Cruel and/or unusual

Recent whining over the fate of killers with low IQ's has caused me to look into the issue of the death penalty and the Constitution. Not the Constitution per se but the Bill of Rights which the Founding Fathers felt compelled to add to the Constitution because in order to get it signed, it needed more limitation placed on the impending Federal Government. Most of the leaders of the various states under the Articles of Confederation and most of the people didn't really trust the idea of a strong central government. So those tasked with plugging up the holes in national government put limits on what it was allowed and not allowed to do. To seal the deal they made sure that any Federal Government would be faced with an armed populace so as to dissuade any wannabe dictators. It all worked pretty well up until the advent of modern liberalism.

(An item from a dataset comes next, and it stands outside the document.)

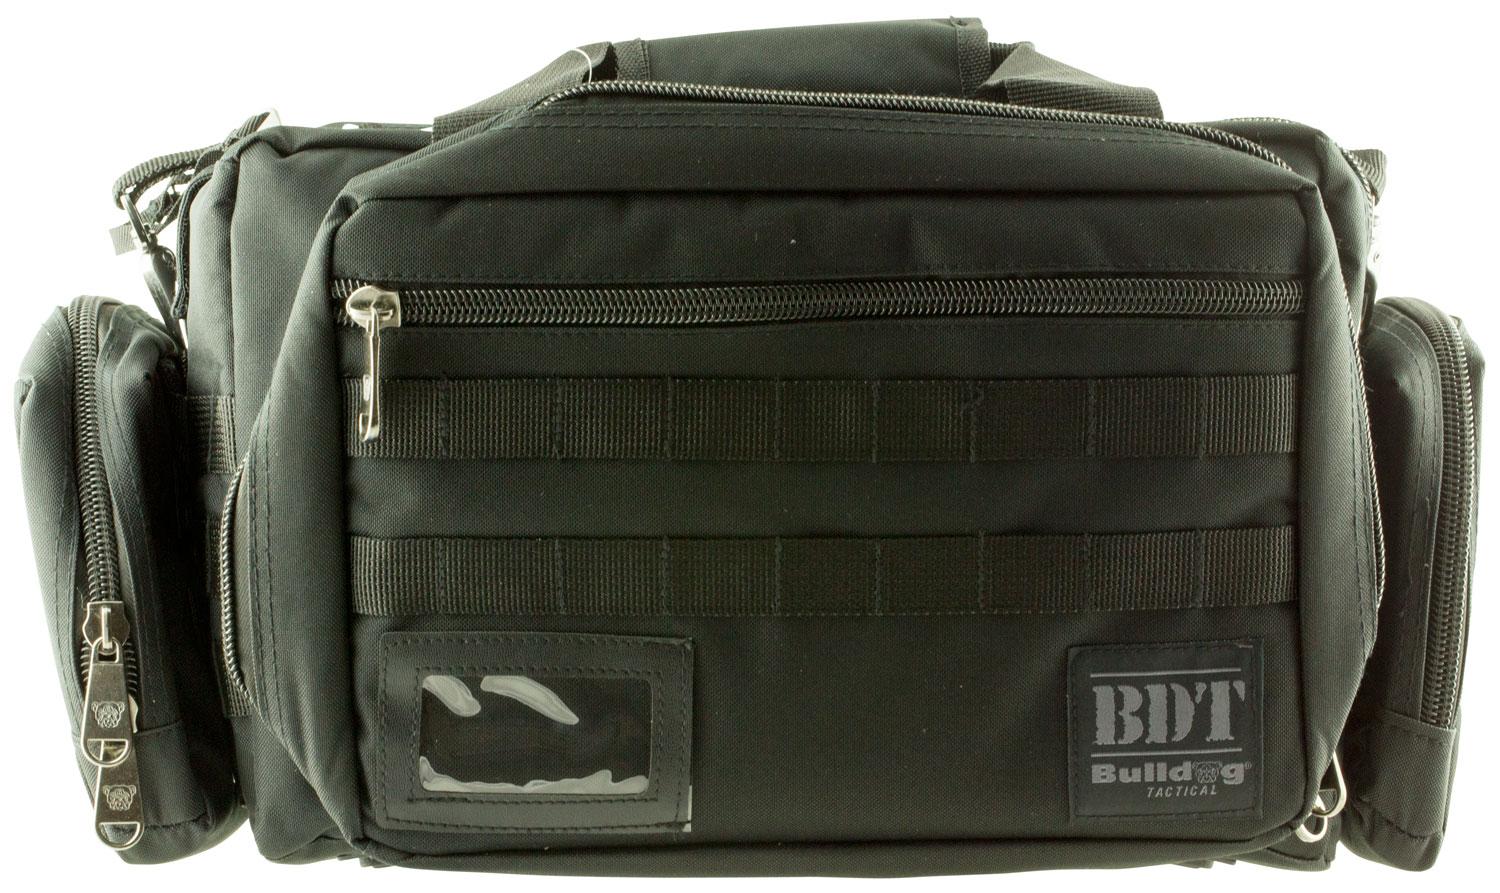  Bulldog Bdt930b Xl Tact Range Bag Blk

Modern liberalism is a philosophy hatched in the middle of the 20th century whose adherents decided that they didn't care what the Founding Fathers thought, what they wrote or what they meant. The only thing important was what the liberals knew to be important for all of us and little matters like Constitutional restrictions and the philosophy of reason was not going to get in their way. It is not the purpose of this column to enumerate all the evidence of this claim of their motives. Any thinking American can look at the bottom line of the Federal Government's current budget and know the truth.

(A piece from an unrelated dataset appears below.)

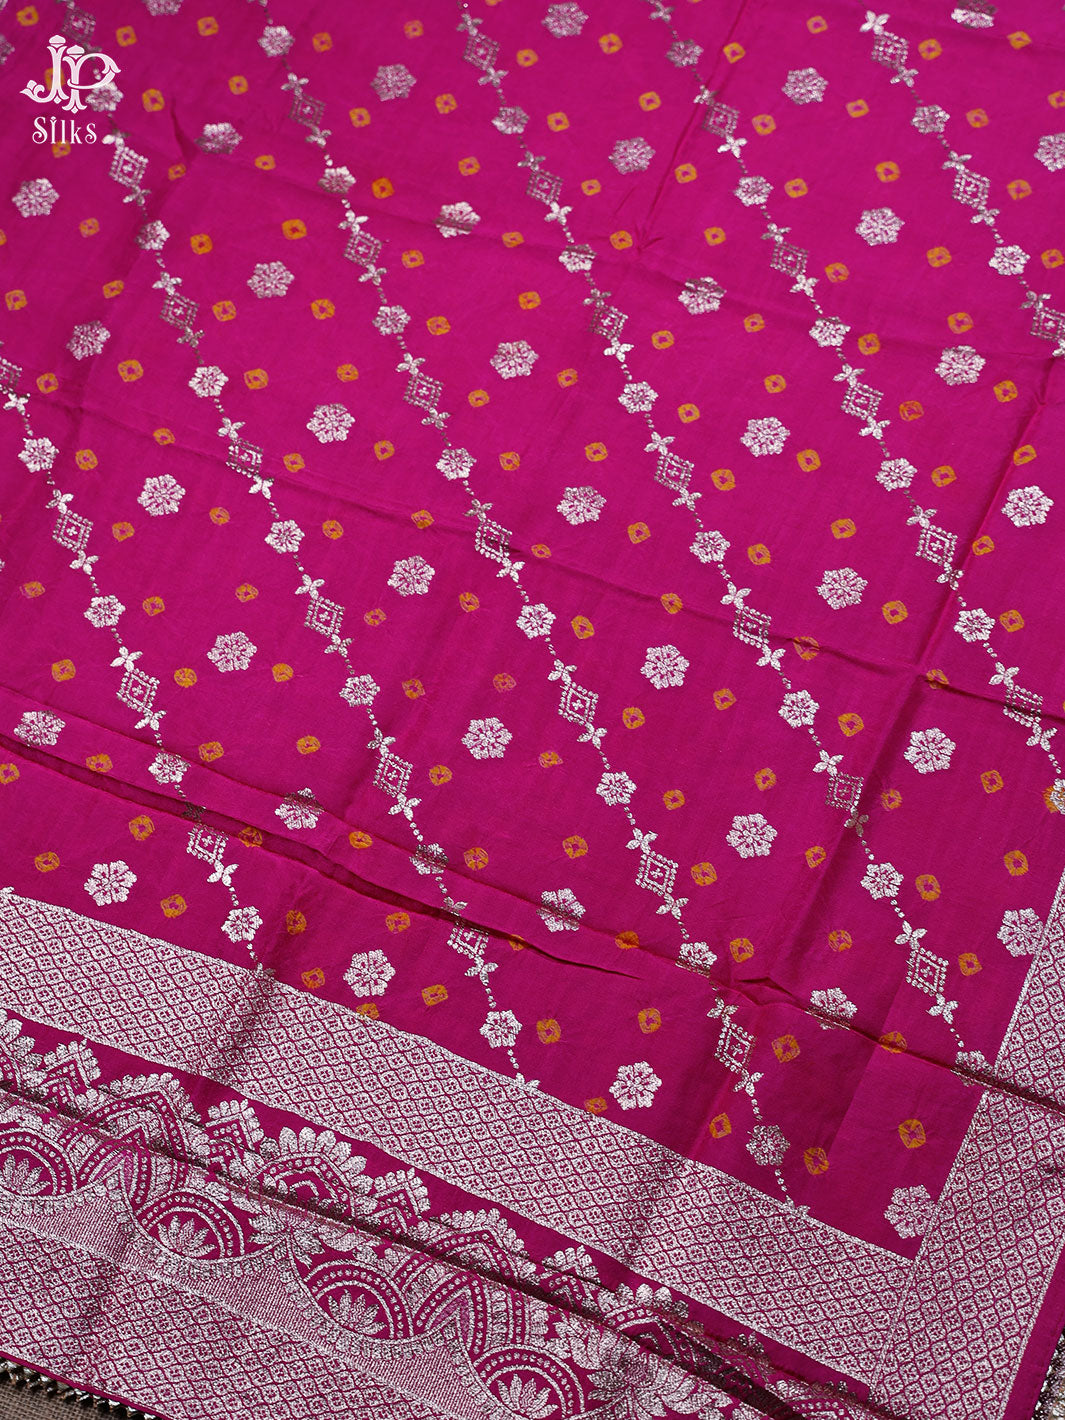 Rani Pink Banaras Chudidhar Material - E1940 - View 2

I would just like to spend a moment and speak to this issue of capital punishment and the recent proclamations of the Supreme Court. In the beginnings of our nation, before the advent of modern liberalism, the courts were put in place to interpret the law. At some point the courts usurped the power to create law from the legislative and to enforce law from the executive. Today, the courts have the self-assumed power to replace representative democracy and republicanism with little opposition from the other two branches of government.

The Federal Judges are appointed for life and can only be impeached for breaking the laws that they determine the interpretation of. This is the job to have.

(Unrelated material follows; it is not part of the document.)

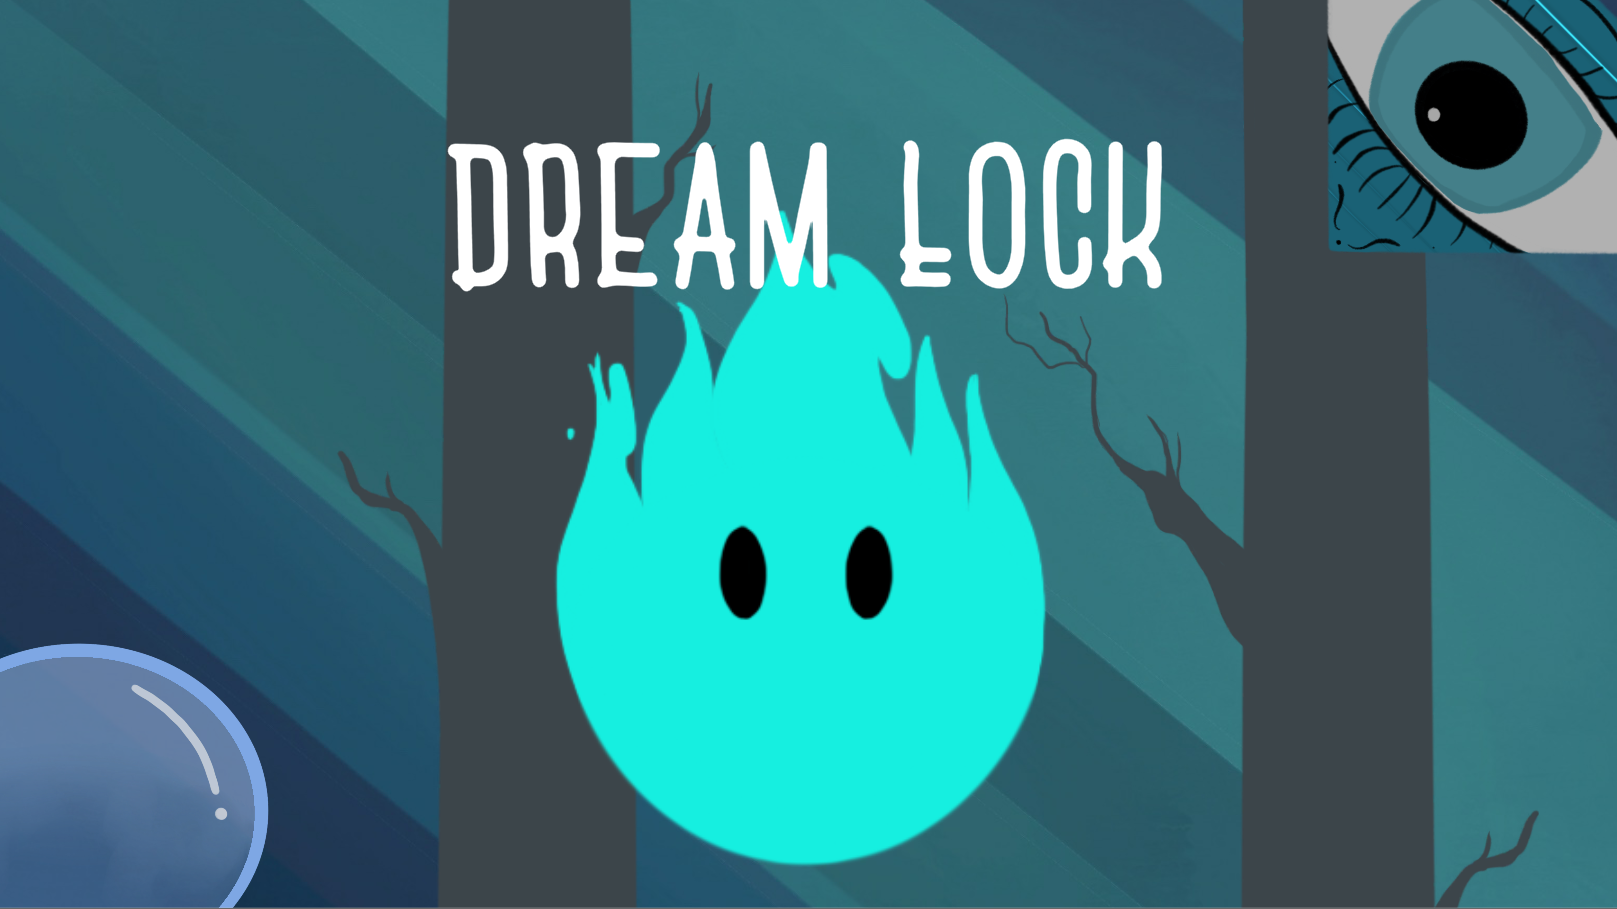 Dream Lock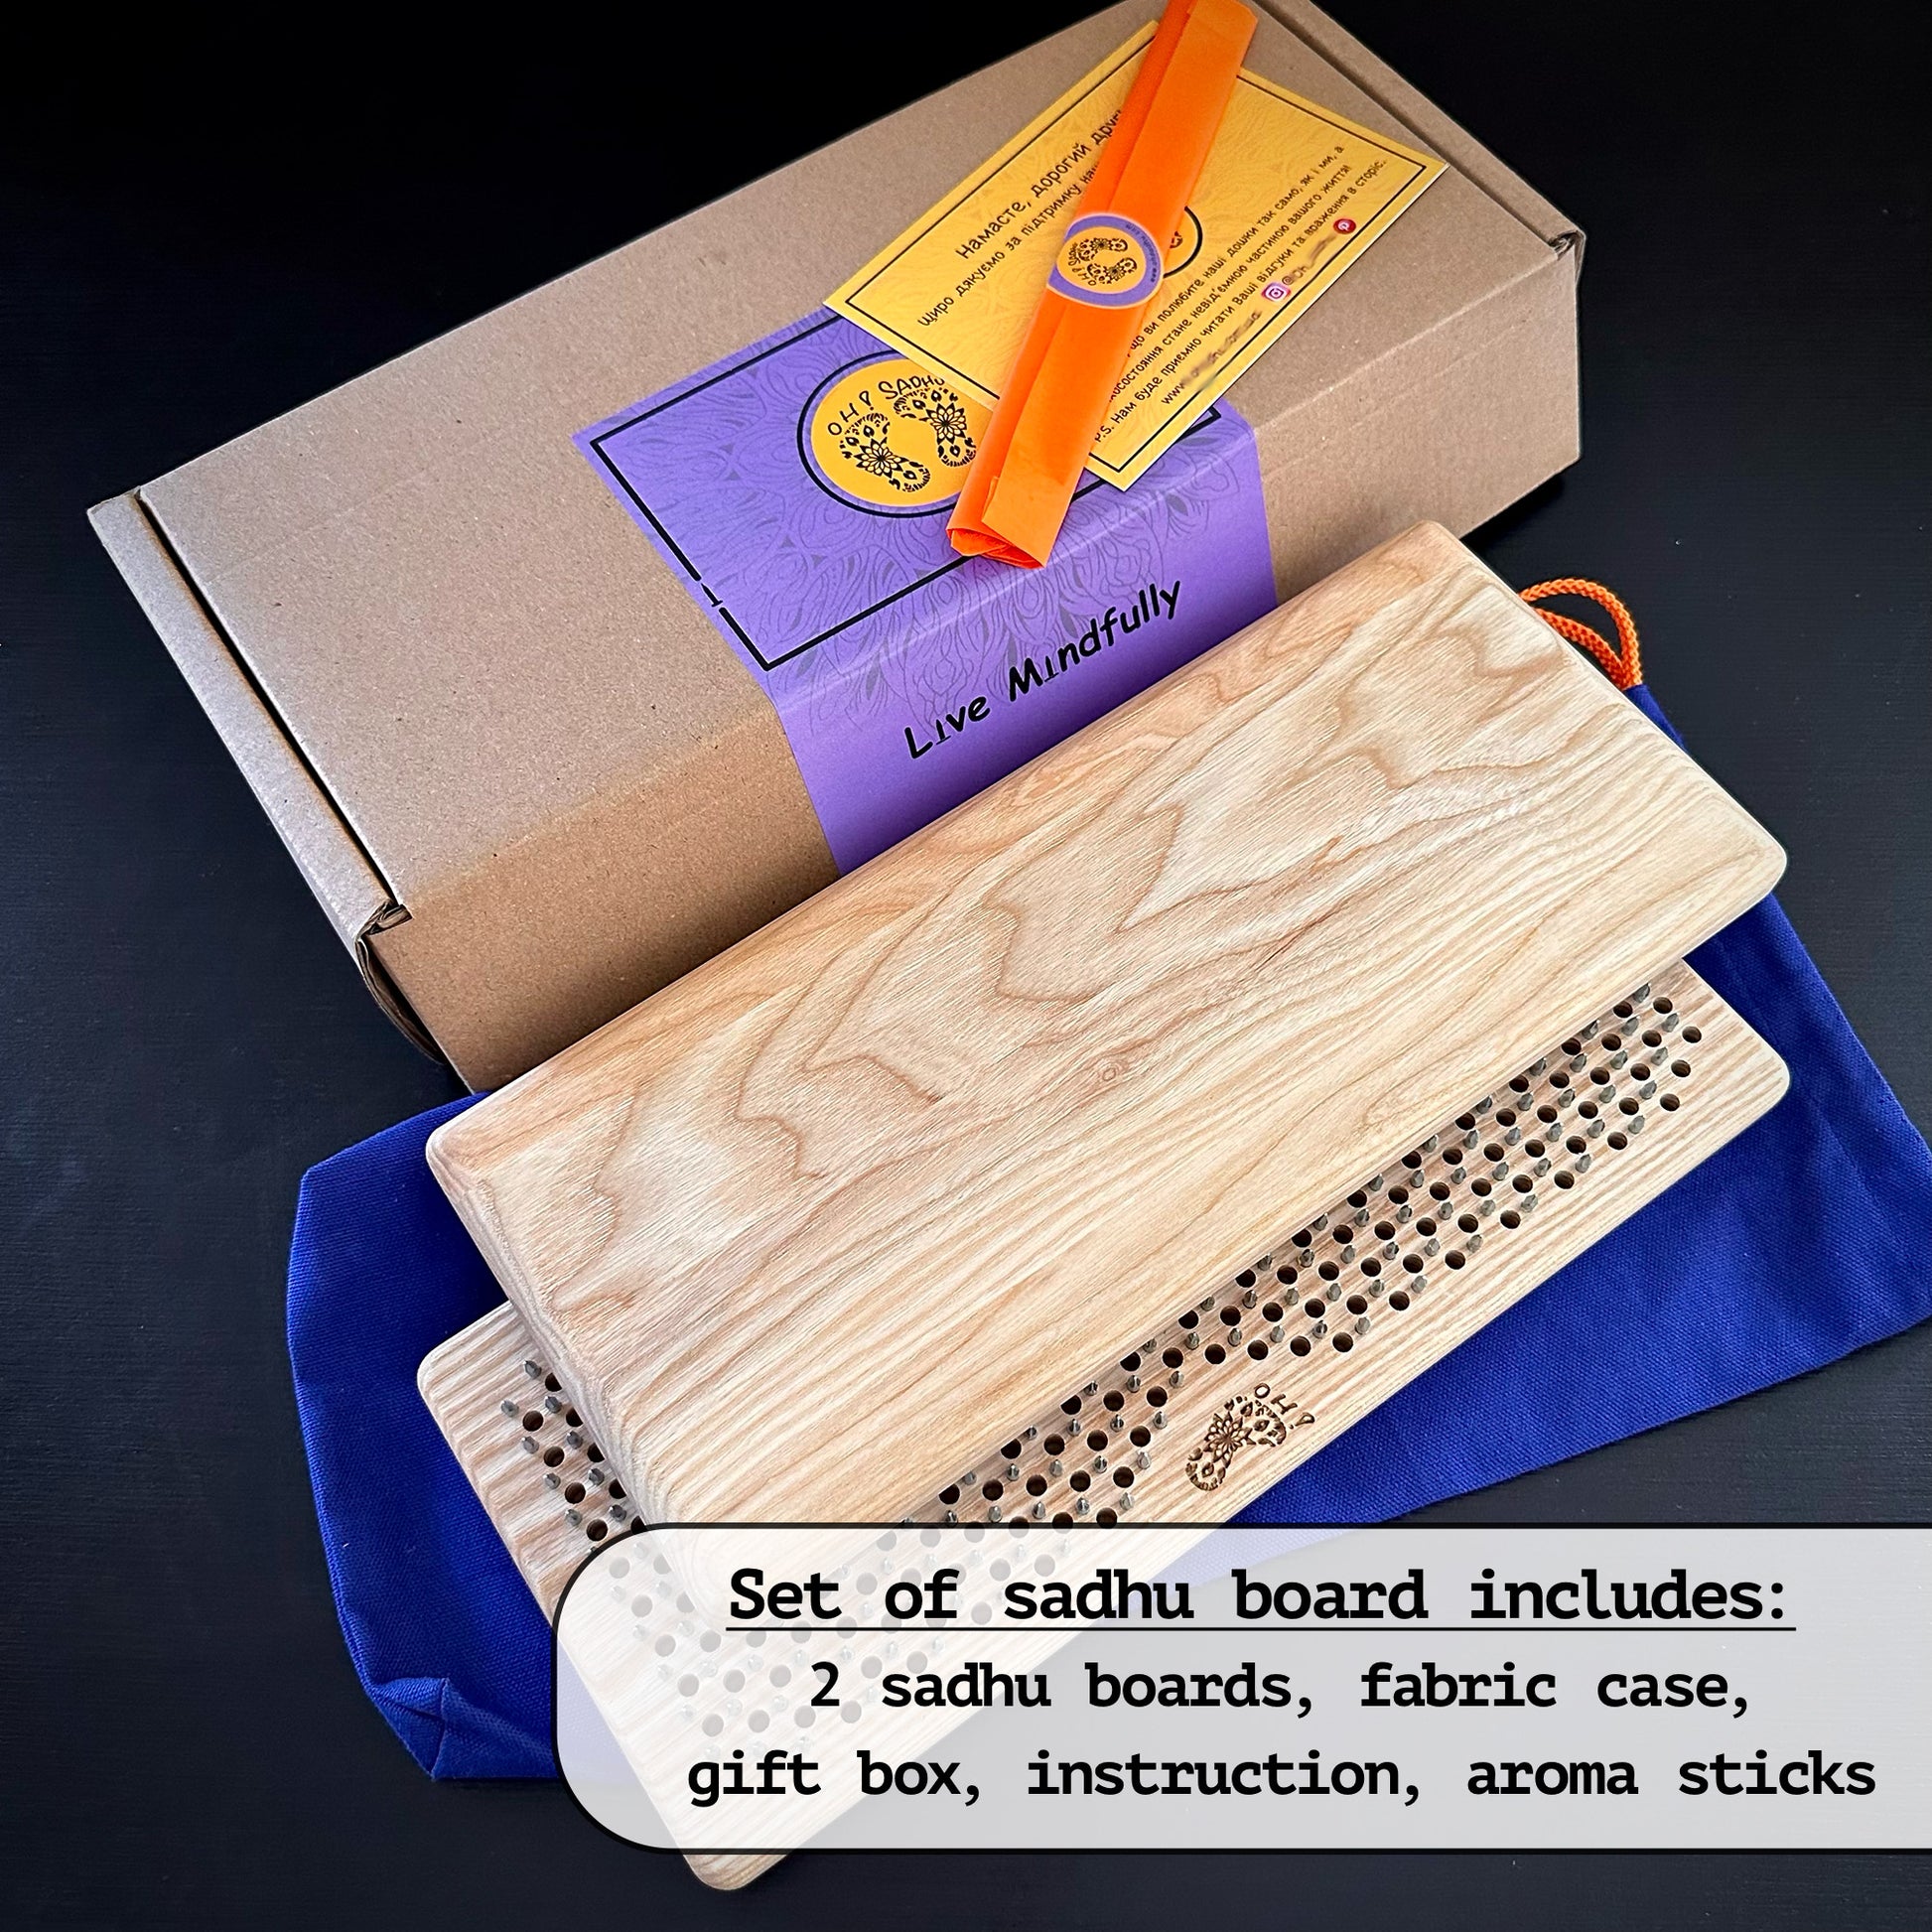 sadhu board set includes gift box, pouch, 2 sadhu boards, aroma stick, instruction on black background

When the Founding Fathers, the last remnants of the enlightenment, crafted the 8th Amendment to the Constitution they wrote: "Excessive bail shall not be required, nor excessive fines imposed, nor cruel and unusual punishments inflicted." The part of this amendment I would address is the "nor cruel and unusual punishments inflicted." The authors of this amendment had already established the existence of a "capital crime" in the 5th amendment. Further, these men were well versed in the use of the English language.

I would venture to guess that they understood the spoken and written rules of the language better than the modern interpreters of their writings did. The Founders didn't say "cruel or unusual," they didn't say "cruel and/or unusual" either. They said what they meant to say. They said "cruel and unusual" and that is inclusive of both "cruel" and "unusual." Anyone with any familiarity with the native tongue knows this. The exception is Federal Judges.

The reason for this clause of the 8th amendment was to protect people from judges and courts that might feel free to be creative and unequal in their doling out of punishments. The idea was to create a system of consequences for breaking laws that were consistent from one case to the next. If the common punishment for murder was hanging, the 8th amendment sought to prevent someone the judge personally had a grudge against, or someone who had committed a particularly egregious crime from being drawn and quartered or burned alive.

The actual existence of capital punishment for capital crimes was accepted by the courts as being in the jurisdiction of the individual states. The method of carrying out this punishment simply had to meet the criteria of being uniform. Under the intend and the wording of the Constitution, capital punishment in and of itself, cannot meet the definition of "cruel and unusual" because while it may be considered cruel, its continued use makes it usual.